Deepening ties with business partners can help wholesale and retail distributors reduce their exposure to risk in their supply chain.
According to an article on the Supply Management website, most senior executives at a recent debate on risk and supply chain management strategies agree that “integration is a more effective way to manage risk than to hedge against it.”
“To develop and manage your supply chain holistically, you need significant integration with both your customers and your suppliers to have better input in developing your risk strategy,” said Phil Joss, the director at 4C Associates, a procurement solutions company. The thinking is that hedging can be effective for dealing with rising commodity costs, but integration is needed to protect against threats from natural disasters, quality control issues and reputational hazards.
The article suggests that collaborative relationships, combined with greater integration, are the best ways to deal with risks in the supply chain. It is always a good supply chain management practice to manage risk by establishing long-term purchase contracts with key suppliers. This helps to ensure that there are no surprises, as the suppliers are contractually obligated to meet certain fulfillment levels and prices.
There’s also a cost benefit to having long-term contracts. If you’re always looking for new suppliers, you’ll spend a lot of money on integration to get your systems, processes and people aligned with these new suppliers and their new ways of doing business.

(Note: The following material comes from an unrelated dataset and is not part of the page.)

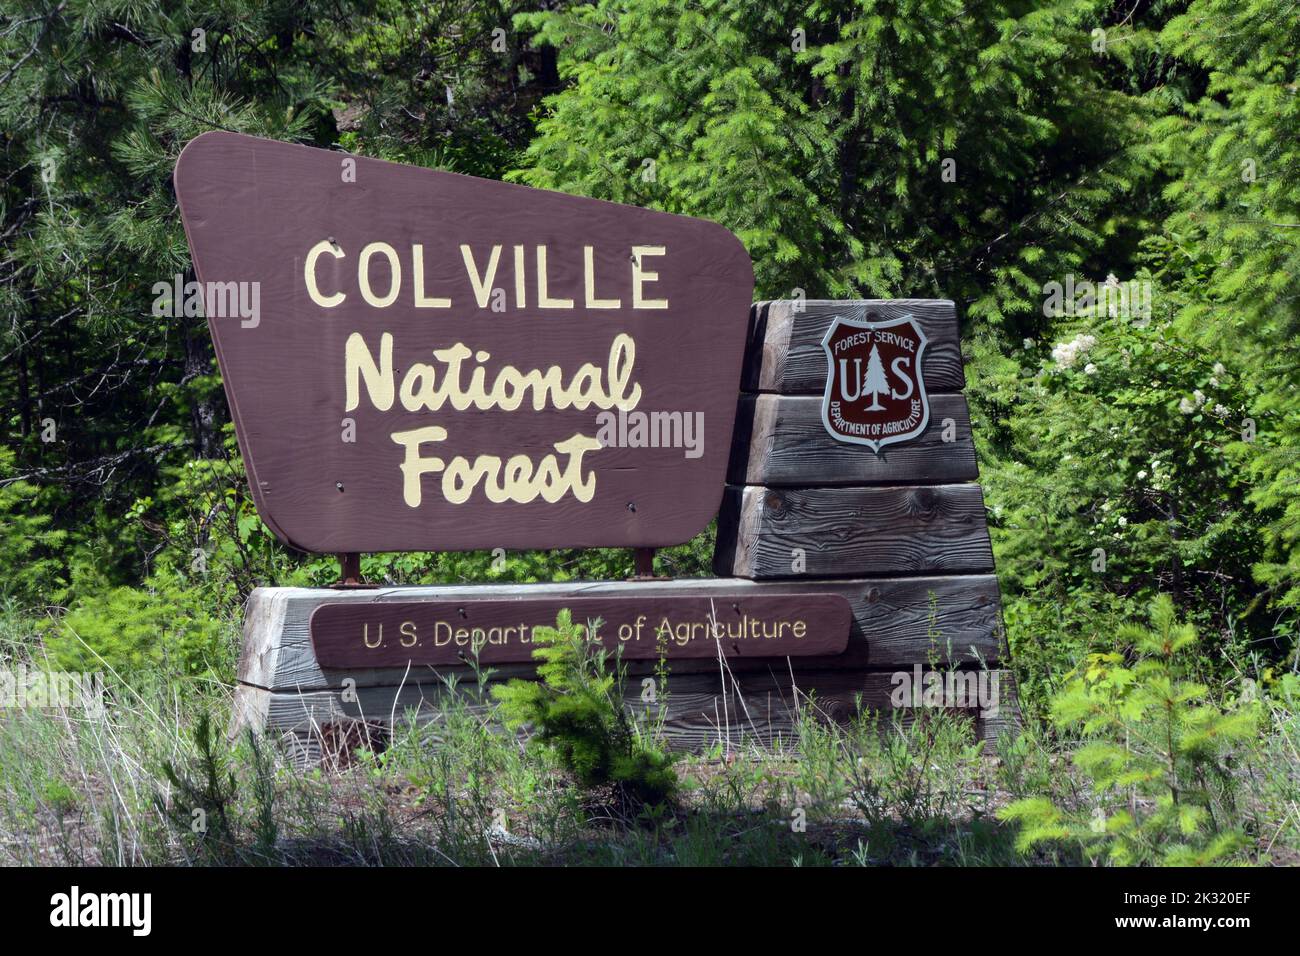 Un cartello stradale per la Colville National Forest, nelle Selkirk Mountains, vicino a Metaline Falls, nel nord-est dello stato di Washington, Stati Uniti. Foto Stock

Sharing risk is a part of long-term contracts, and it’s not a bad thing; it puts the “partner” into the term “business partner.”
The Supply Management article also notes that distributors are exploring whether to “pass risk down the supply chain through contracts.” This is much more attainable today with cloud-based distribution ERP systems that have hooks into social media as well as trading networks such as Ariba. SAP has recognized the need for supply chain collaboration, as evidenced by its recent acquisition of Ariba.
The bottom line is that managing and sharing risks is vital to supply chain management. Better supply chain integration, deeper business relationships and collaboration all play an important role in mitigating risk in your supply chain.